There are details. Once again there are always details. And I've seen people get them wrong. Often I've seen this implemented with truncation rather than rounding - which makes me sad. I've also seen a direct cast to byte, without limiting to zero and 255 - which makes me sad.

Pretty much all of the float SSE instructions are affected by the rounding mode. Pretty much nobody changes these bits without changing them back when they're done. Setting the bits is a little expensive - pretty much everything has to stop in order to do this. But amortized over a function call it's not bad.
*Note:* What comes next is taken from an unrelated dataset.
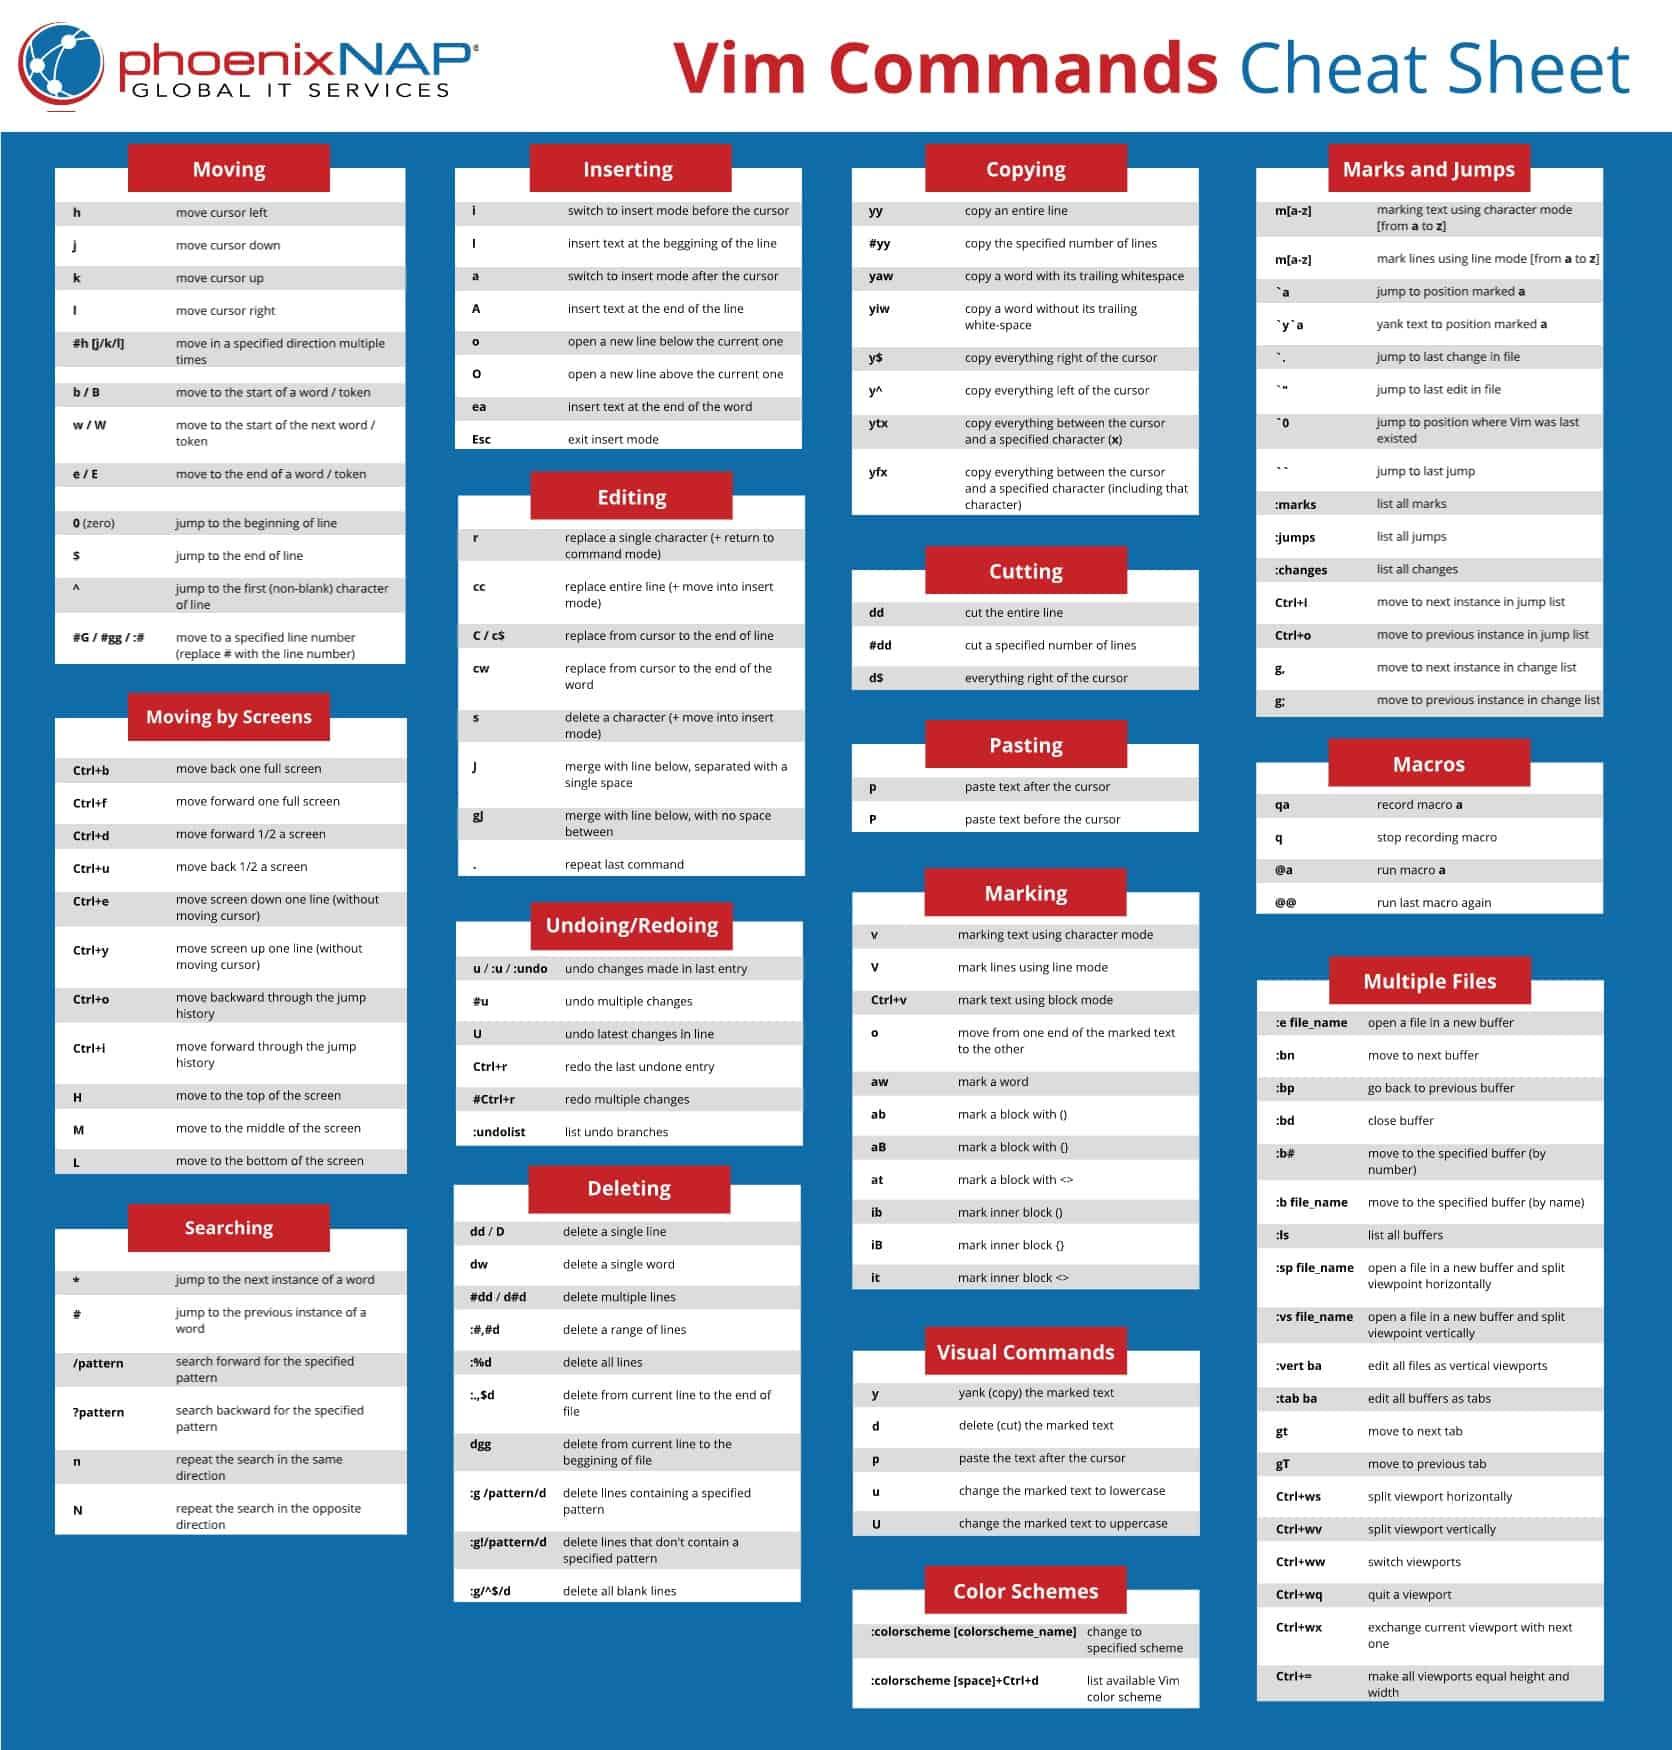 Vim commands cheat sheet.

__forceinline unsigned char Saturate_Int32_To_UnsignedInt8(const int x)
{
    return std::min(255, std::max(0, x));
}

__forceinline unsigned char Saturate_float_To_UnsignedInt8(const float x)
{
    // since we can't set the rounding mode for simple ANSI, we'll do the normal thing and add 0.5f and truncate towards zero.
    int ic = (int)((255 * x)+0.5f);
    return Saturate_Int32_To_UnsignedInt8(ic);
}

void convert_floats_to_bytes(const float *pF, unsigned char *pUC, const size_t cF)
{
    // setting the rounding mode is generally unnecessary... But to be safe....
    const unsigned int uiStoredRoundingMode = _MM_GET_ROUNDING_MODE();
    _MM_SET_ROUNDING_MODE(_MM_ROUND_NEAREST);
    size_t cFRemaining = cF;
    while (cFRemaining & 3)
    {
        cFRemaining--;
        pUC[cFRemaining] = Saturate_float_To_UnsignedInt8(pF[cFRemaining]);
    }
    if (cFRemaining > 0)
    {
        __m128 mScale = _mm_set1_ps(255);
        if (cFRemaining & 4)
        {
            cFRemaining -= 4;
            __m128 mF = _mm_loadu_ps(&pF[cFRemaining]);
            __m128 mFScaled = _mm_mul_ps(mF, mScale);
            __m128i mIScaled_epi32 = _mm_cvtps_epi32(mFScaled);
            __m128i mIScaled_epi16 = _mm_packs_epi32(mIScaled_epi32, _mm_setzero_si128());
            __m128i mIScaled_epu8 = _mm_packus_epi16(mIScaled_epi16, _mm_setzero_si128());
            int iConvertedOut;
            iConvertedOut = _mm_cvtsi128_si32(mIScaled_epu8);
            *((int *)&pUC[cFRemaining]) = iConvertedOut;
        }
        while (cFRemaining > 0)
        {
            cFRemaining -= 4;
            __m128 mFHi = _mm_loadu_ps(&pF[cFRemaining]);
            cFRemaining -= 4;
            __m128 mFLo = _mm_loadu_ps(&pF[cFRemaining]);
            __m128 mFScaledHi = _mm_mul_ps(mFHi, mScale);
            __m128 mFScaledLo = _mm_mul_ps(mFLo, mScale);
            __m128i mIScaledHi_epi32 = _mm_cvtps_epi32(mFScaledHi);
            __m128i mIScaledLo_epi32 = _mm_cvtps_epi32(mFScaledLo);
            __m128i mIScaled_epi16 = _mm_packs_epi32(mIScaledLo_epi32, mIScaledHi_epi32);
            __m128i mIScaled_epu8 = _mm_packus_epi16(mIScaled_epi16, _mm_setzero_si128());
            __int64 iConvertedOut;
#if defined (_M_X64)
            iConvertedOut = _mm_cvtsi128_si64(mIScaled_epu8);
#else
            iConvertedOut = mIScaled_epu8.m128i_i64[0];
#endif
            *((__int64 *)&pUC[cFRemaining]) = iConvertedOut;
        }
    }
    _MM_SET_ROUNDING_MODE(uiStoredRoundingMode);
}

This doesn't make me sad.

Tuesday, March 21, 2017

a bitonic sorting network for 16 signed short in SSE2

We saw a sorting network for 8 float numbers. These values fit nicely into two 128bit registers.
Twice as many signed shorts can be fit into the same space. And SSE2 has intrinsics for maximum and minimum for 8 signed short numbers at a time using _mm_min_epi16 and _mm_max_epi16.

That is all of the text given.